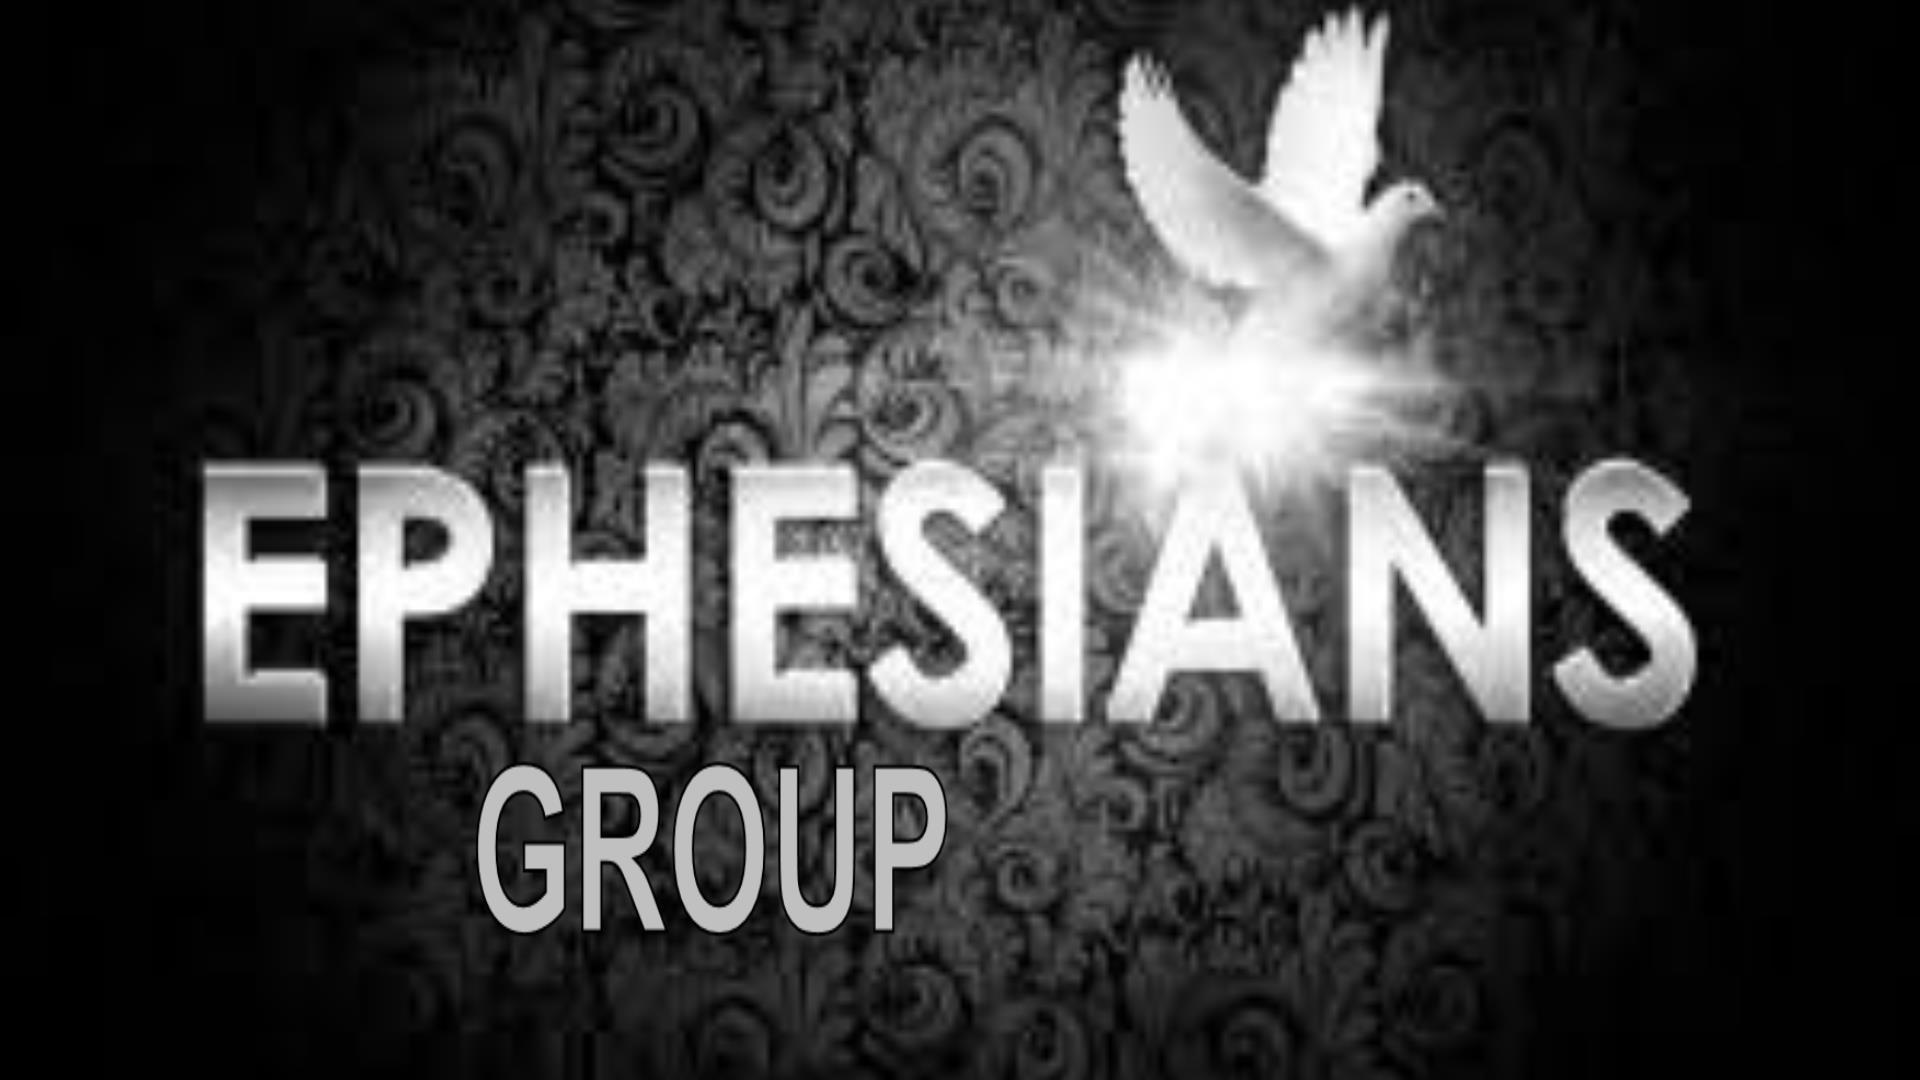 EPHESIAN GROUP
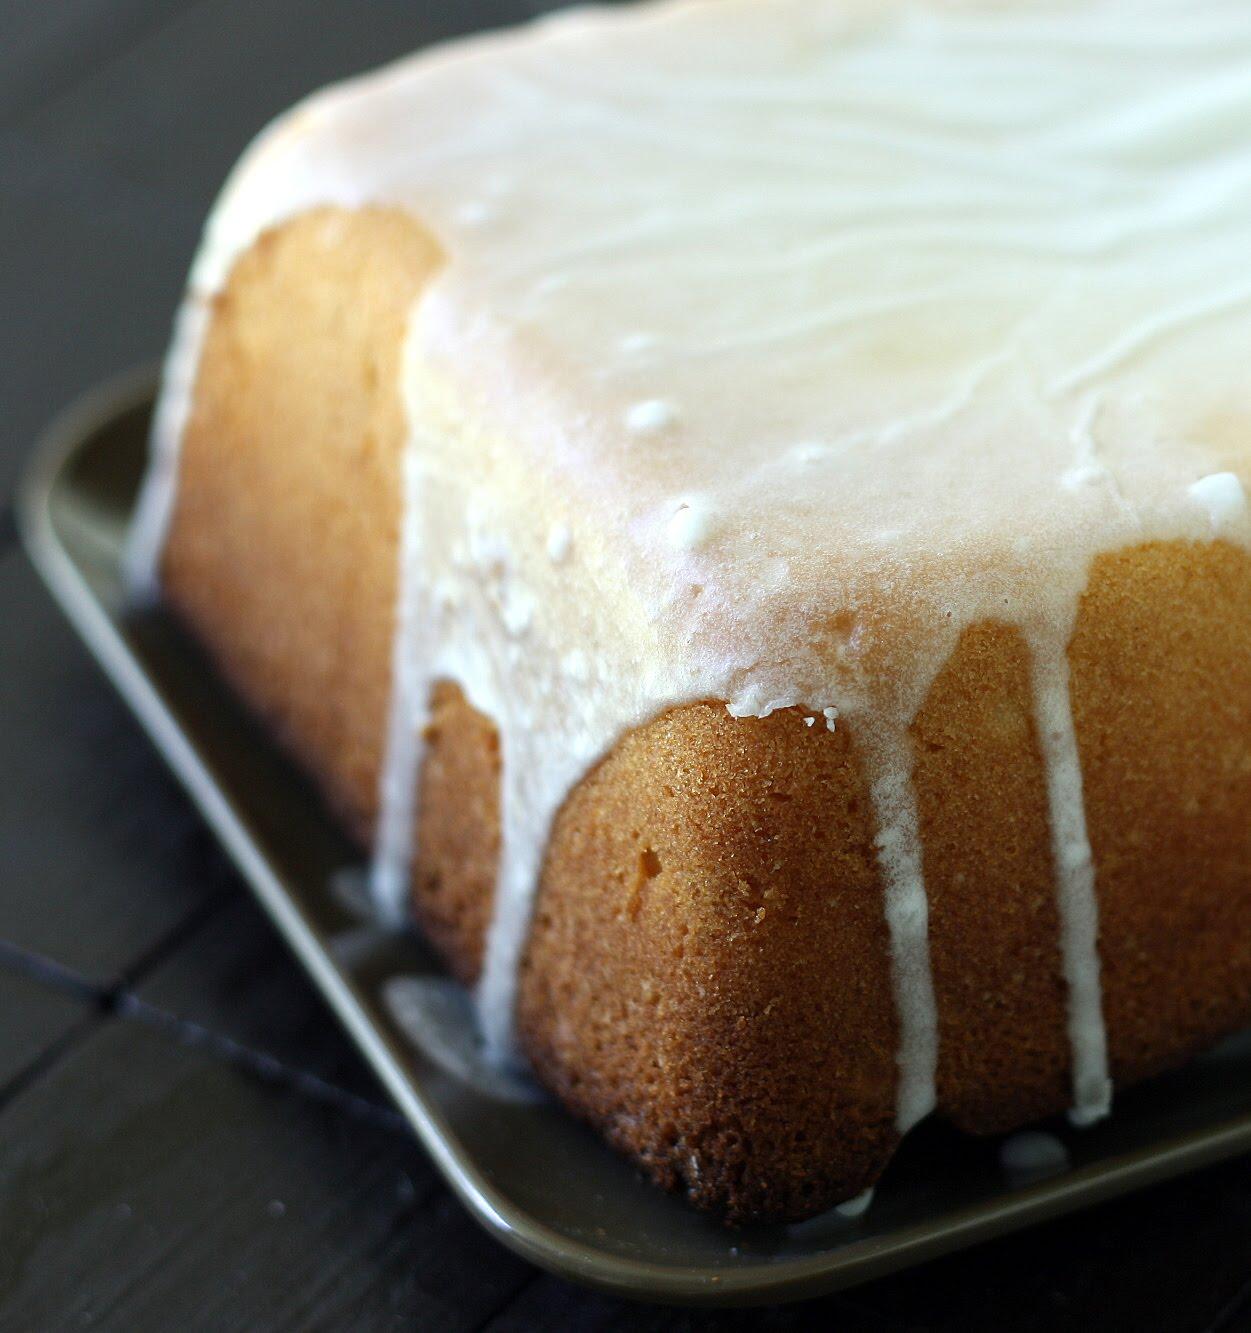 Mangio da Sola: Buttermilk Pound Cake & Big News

● ● ● ● ●

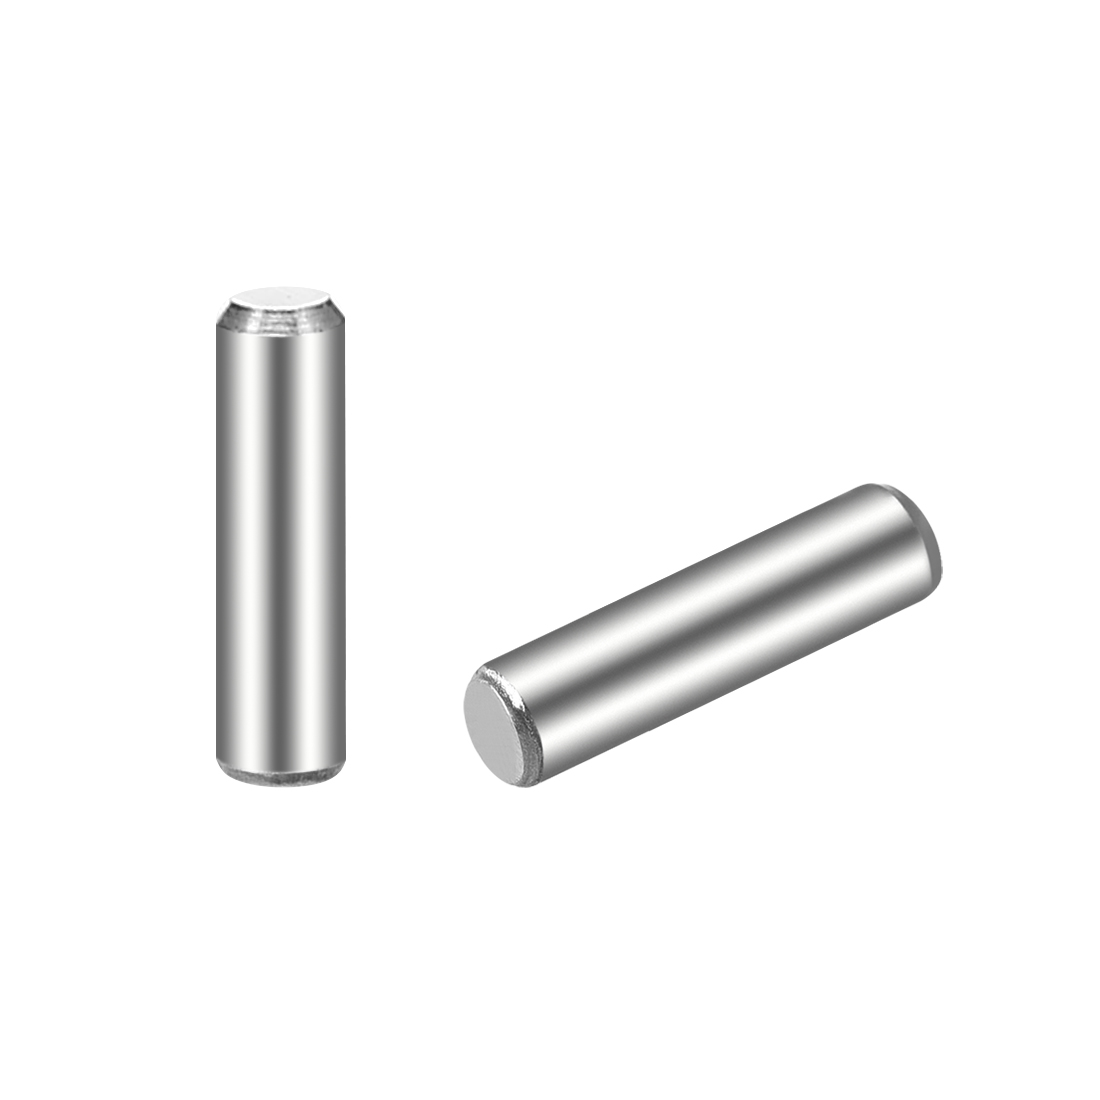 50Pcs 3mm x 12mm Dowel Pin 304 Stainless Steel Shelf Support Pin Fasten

● ● ● ● ●

=== PROMPT ===
An exact copy is needed of the entries above, starting at the line that holds "EPHESIAN GROUP" and stopping at the line that holds "Mangio da Sola: Buttermilk", both kept; pictures stay out.

=== EXERCISE RESULT ===
 EPHESIAN GROUP
 Mangio da Sola: Buttermilk Pound Cake & Big News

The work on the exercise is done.